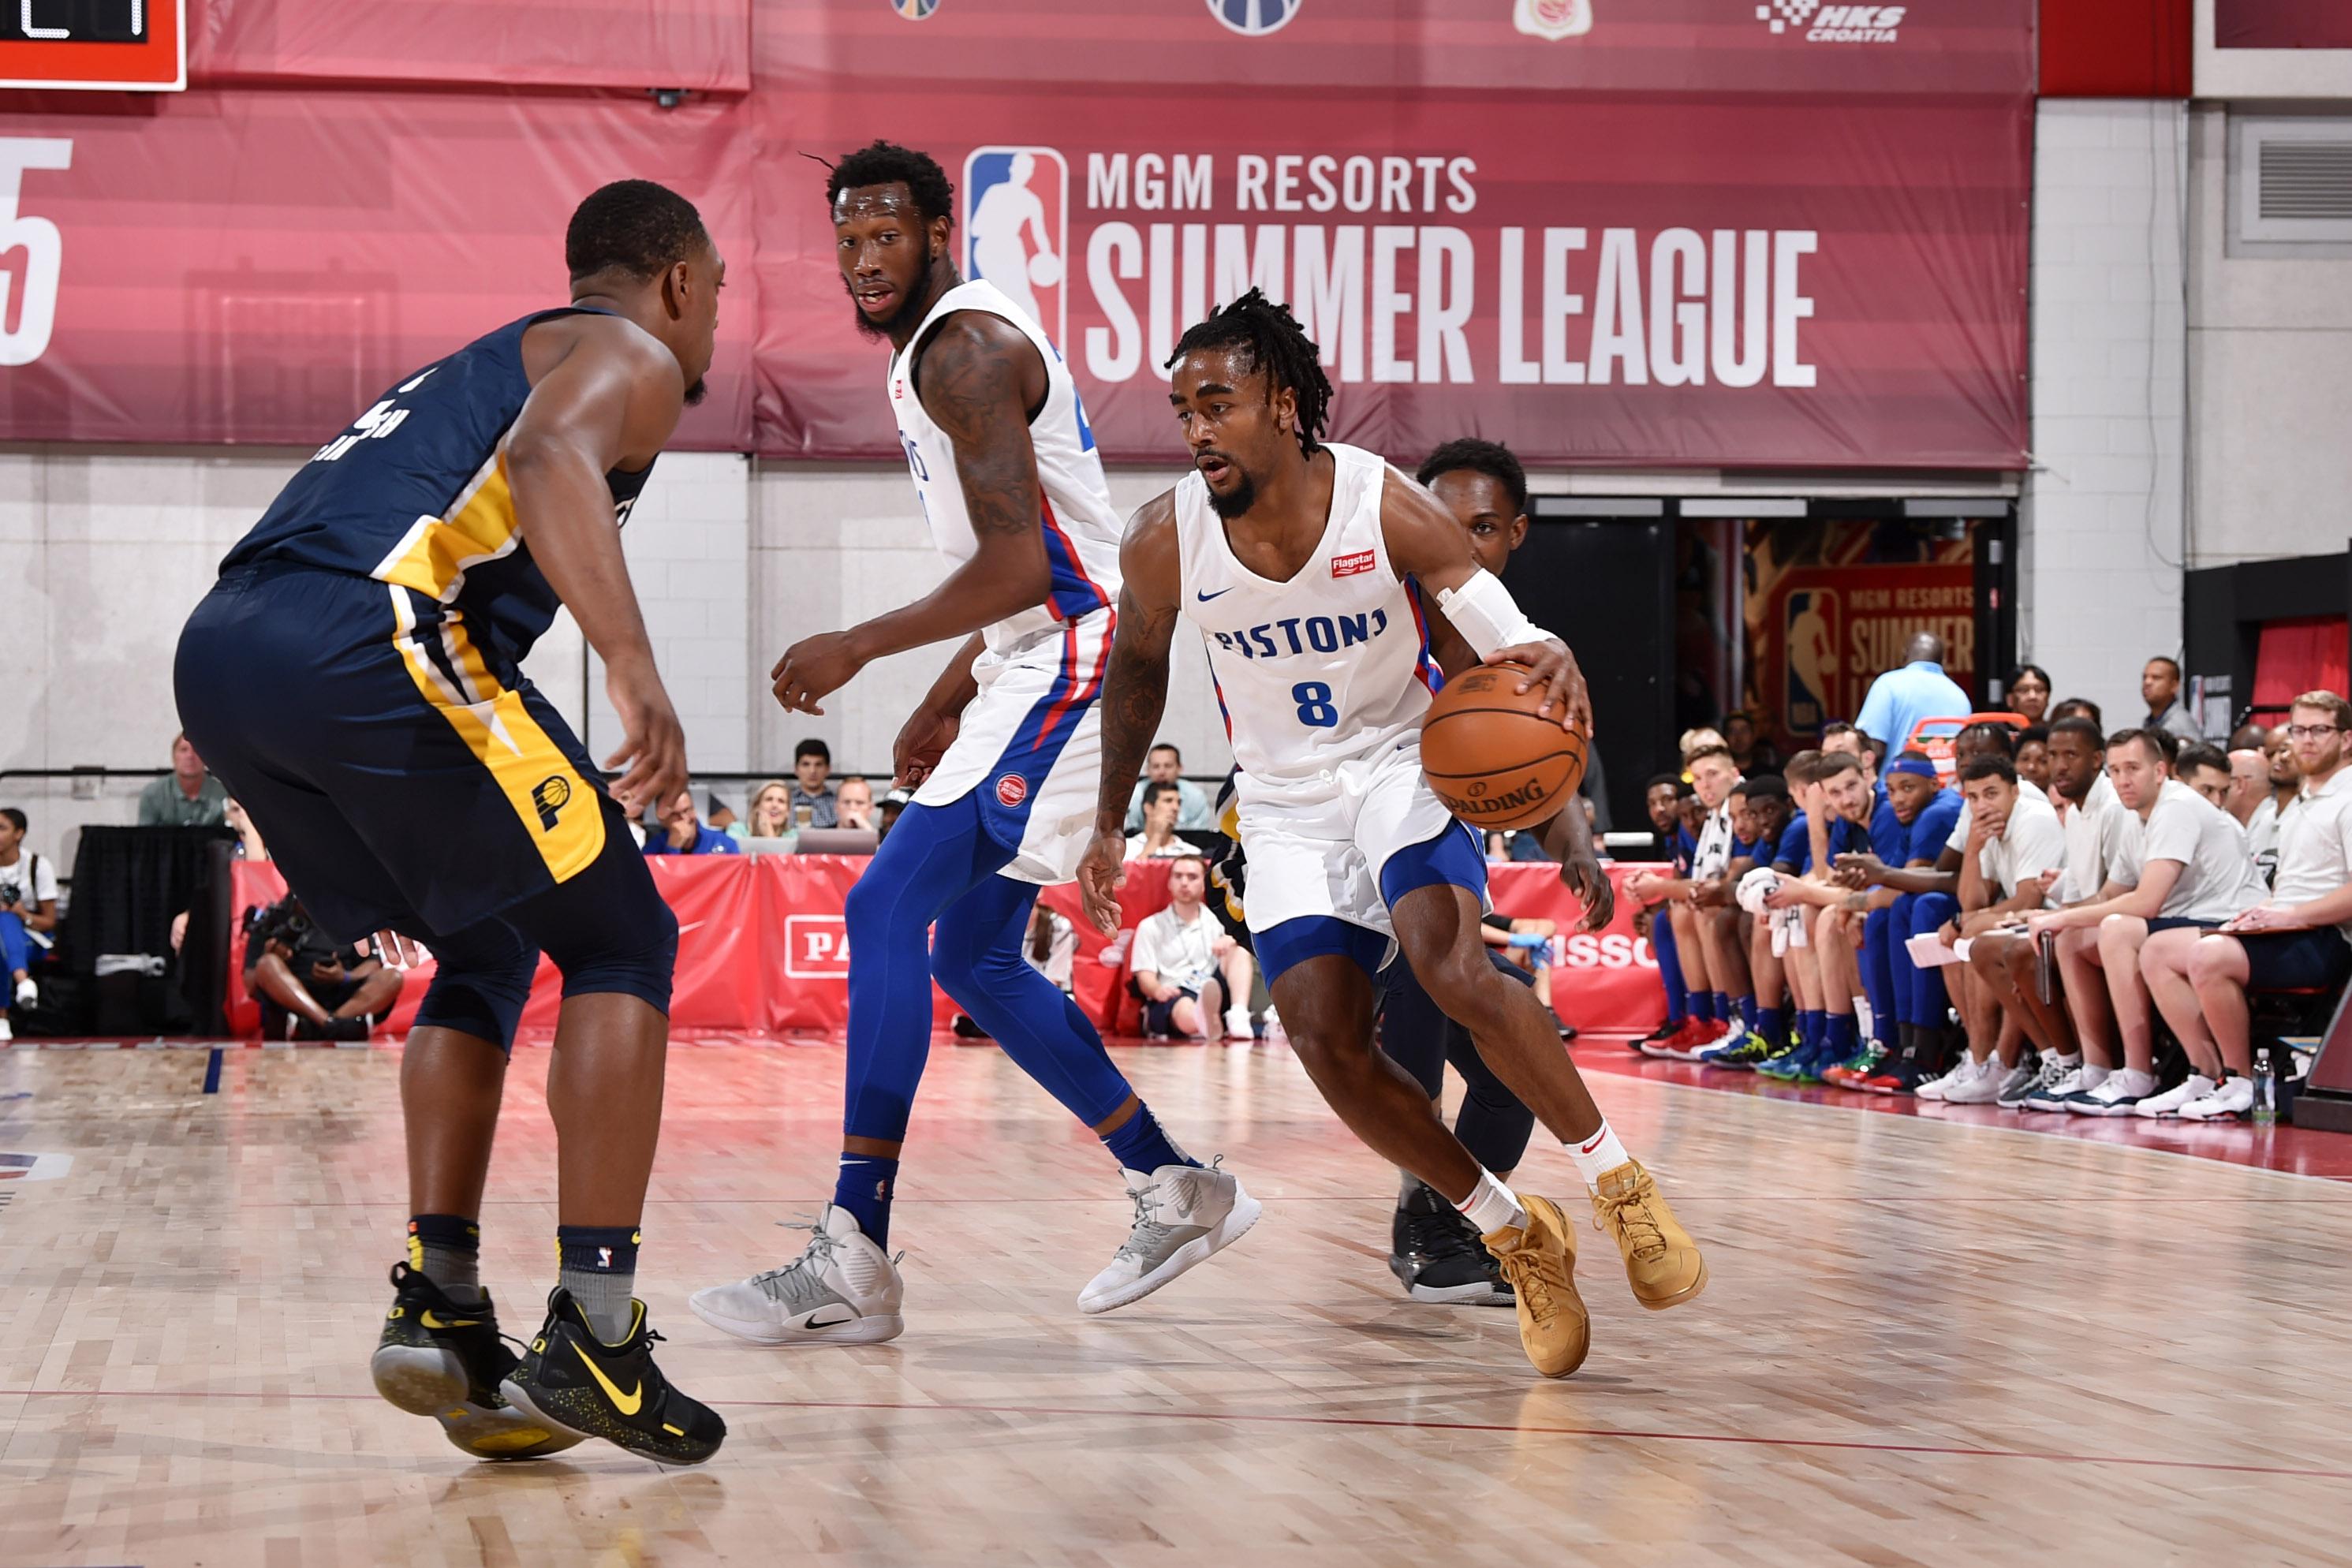 2019 Las Vegas Summer League - Indiana Pacers v Detroit Pistons
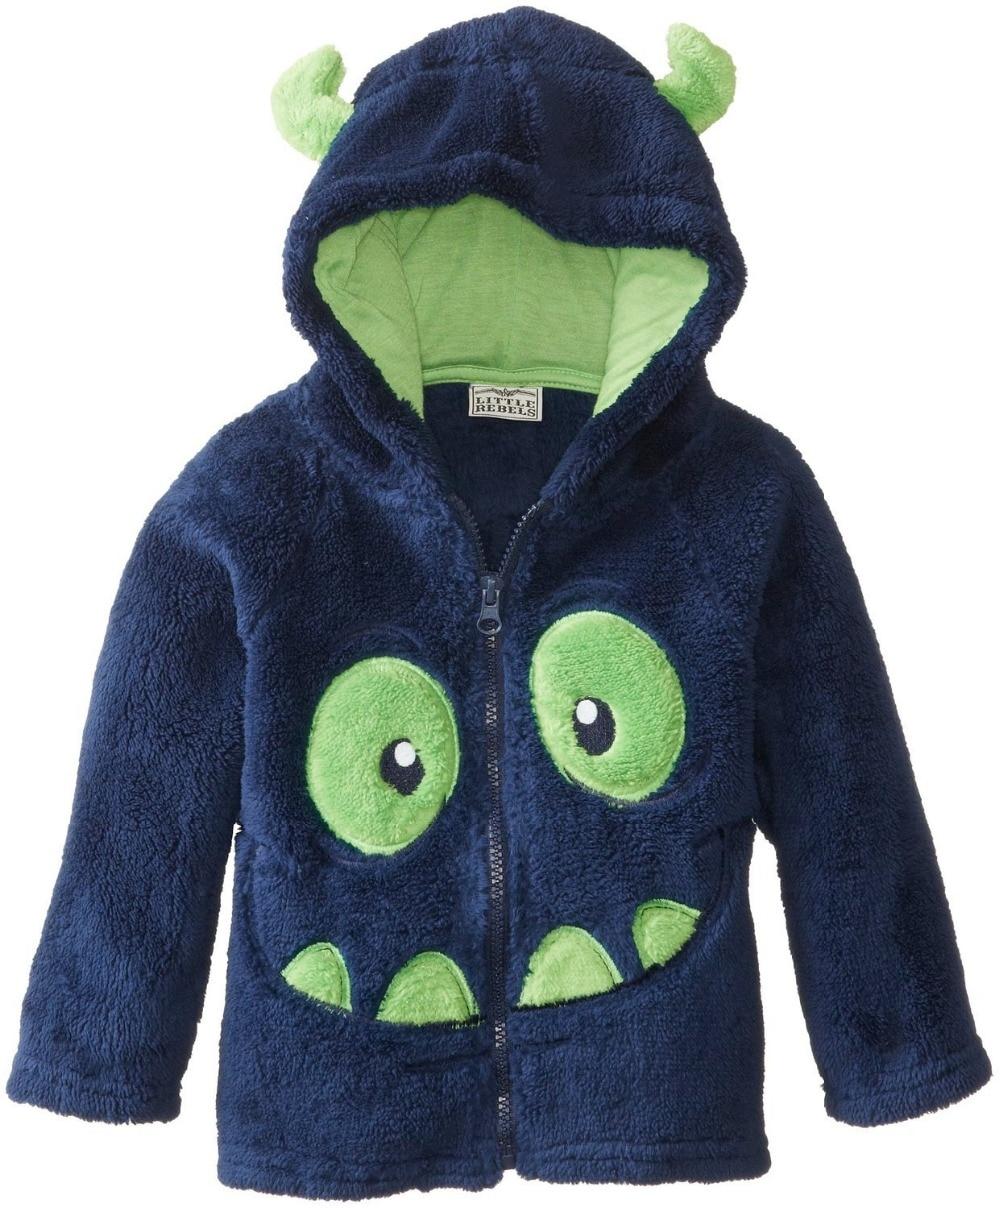 0-5Year / Sonbahar Kış Bebek Kız Erkek Giyim Mont Ve Ceketler - Çocuk Giyim - Fotoğraf 3
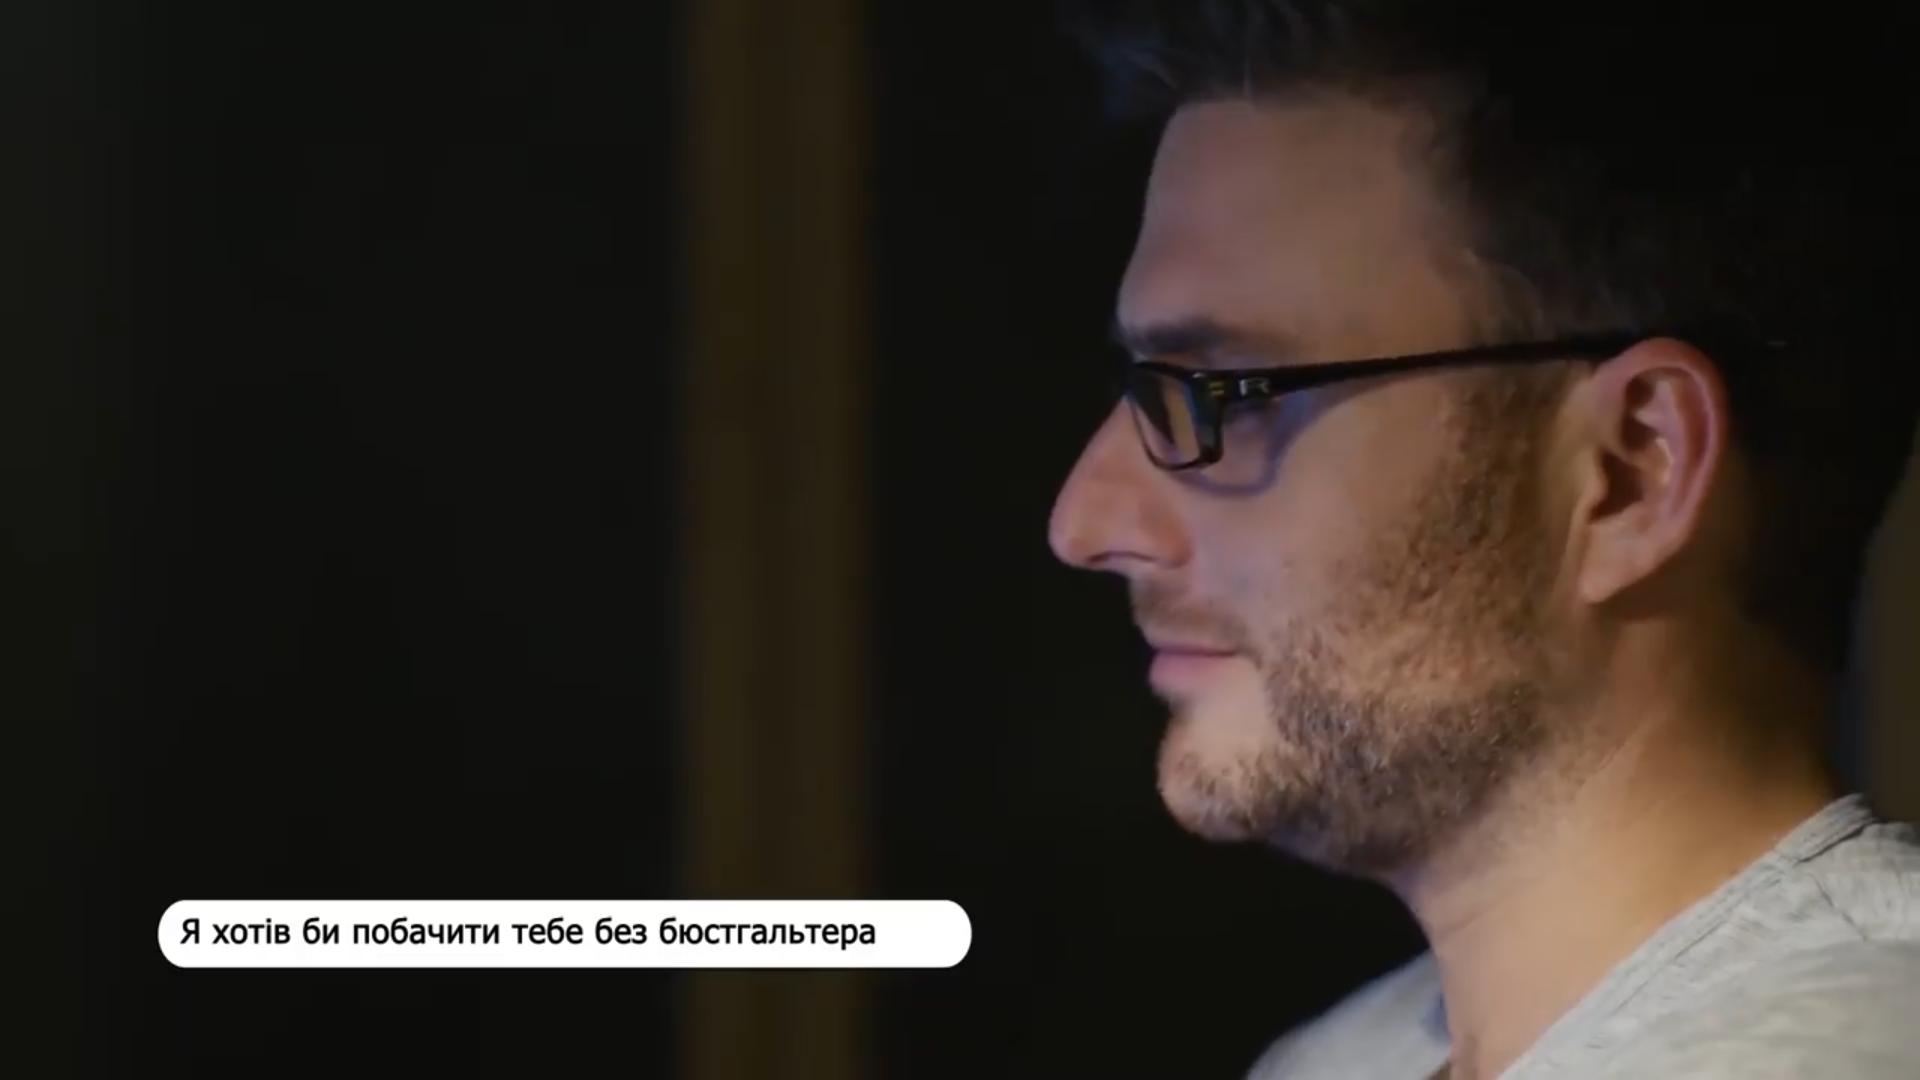 video-erotika-s-devochkami-onlayn-12
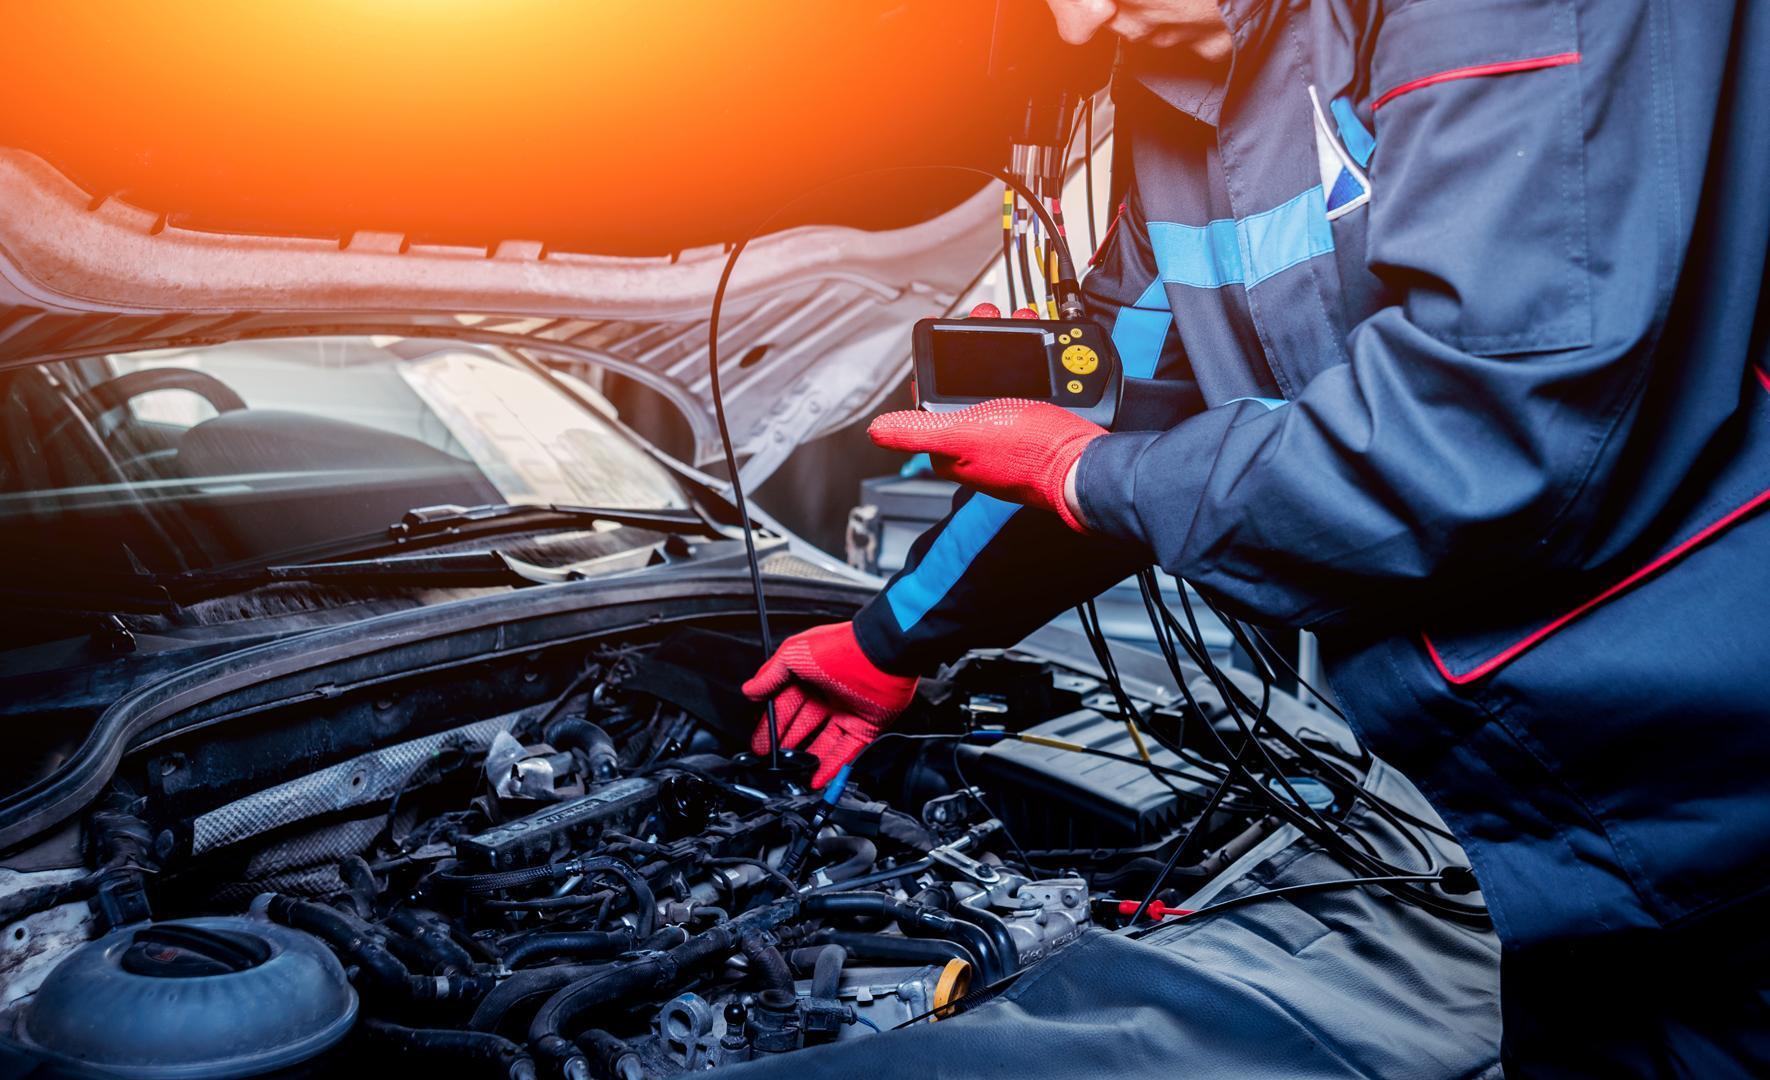 Автосервис - компьютерная диагностика и ремонт авто

■ Your assignment ■
All that should be printed is the lines from the one containing "video-erotika-s-devochkami-onlayn-12" through the last line of the material above, both ends included, exactly as they stand; please skip the pictures.

■ Task solution ■
 video-erotika-s-devochkami-onlayn-12
 Автосервис - компьютерная диагностика и ремонт авто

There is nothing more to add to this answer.